In a specific implementation, the present application provides a computer storage medium and a corresponding data processing unit, where the computer storage medium is capable of storing a computer program, where the computer program when executed by the data processing unit may perform part or all of the steps in the summary of a web page deduplication method based on structure awareness and provided by the present application. The storage medium may be a magnetic disk, an optical disk, a read-only memory (ROM), a random-access memory (random access memory, RAM), or the like.
It will be apparent to those skilled in the art that the technical solutions in the embodiments of the present invention may be implemented by means of a computer program and its corresponding general hardware platform. Based on such understanding, the technical solutions in the embodiments of the present invention may be embodied essentially or in the form of a computer program, i.e. a software product, which may be stored in a storage medium, and include several instructions to cause a device (which may be a personal computer, a server, a single-chip microcomputer, MUU or a network device, etc.) including a data processing unit to perform the methods described in the embodiments or some parts of the embodiments of the present invention.

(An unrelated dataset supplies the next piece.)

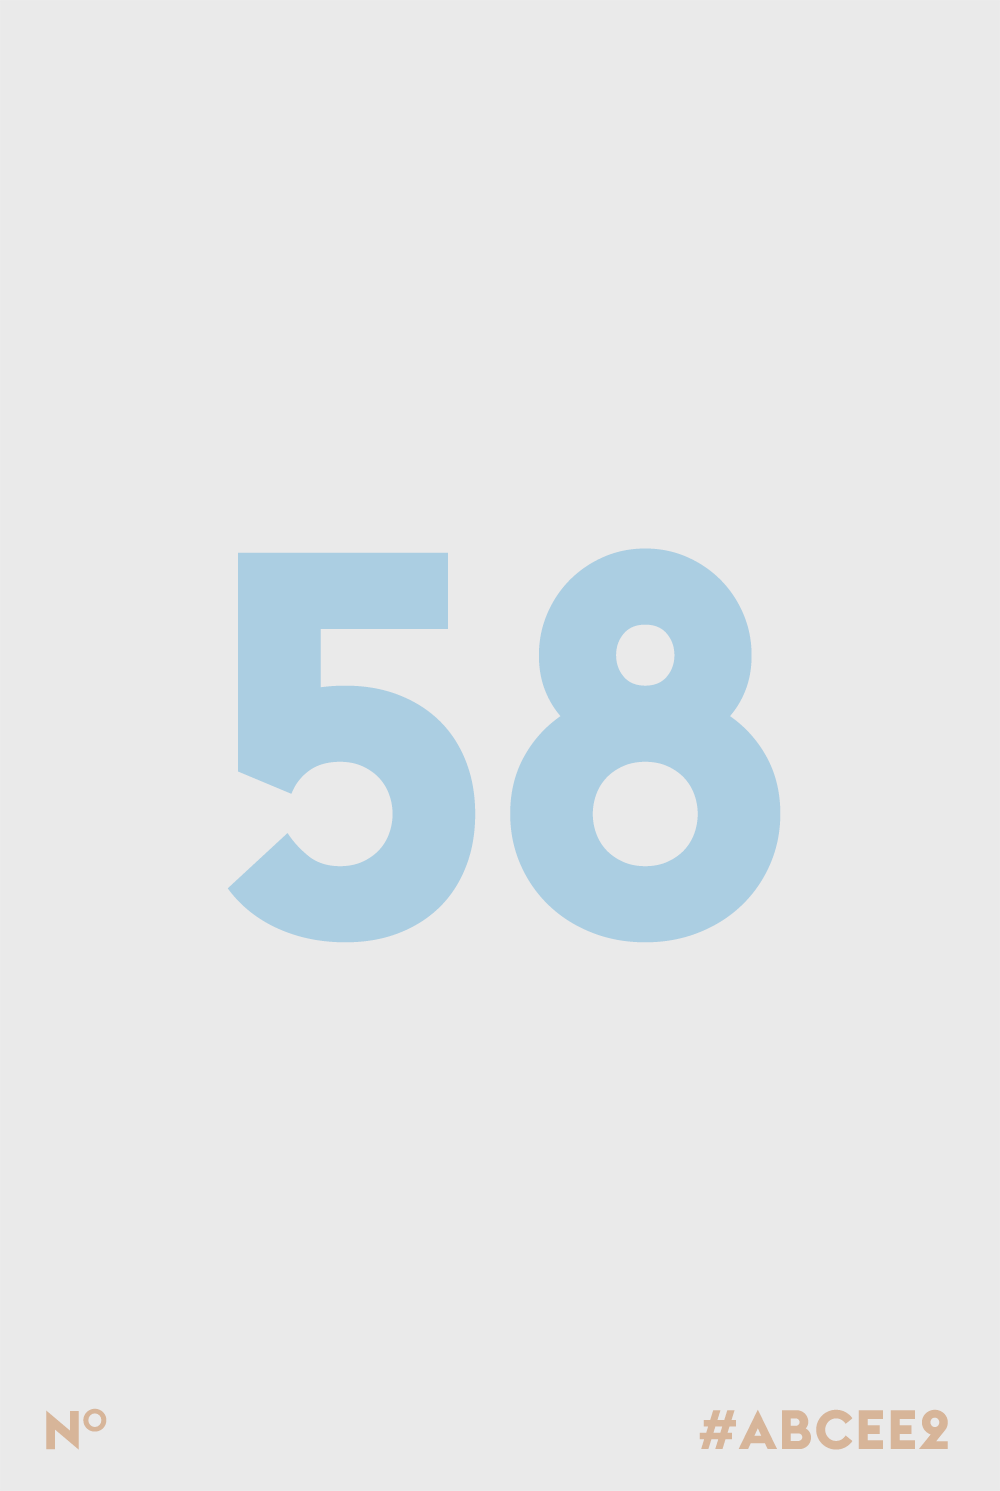 cc_0057_58

The invention provides a webpage deduplication method based on structural perception, and the method and the way for realizing the technical scheme are numerous, the above is only the preferred implementation mode of the invention, and it should be pointed out that a plurality of improvements and modifications can be made to a person skilled in the art without departing from the principle of the invention, and the improvements and the modifications are also considered as the protection scope of the invention. The components not explicitly described in this embodiment can be implemented by using the prior art.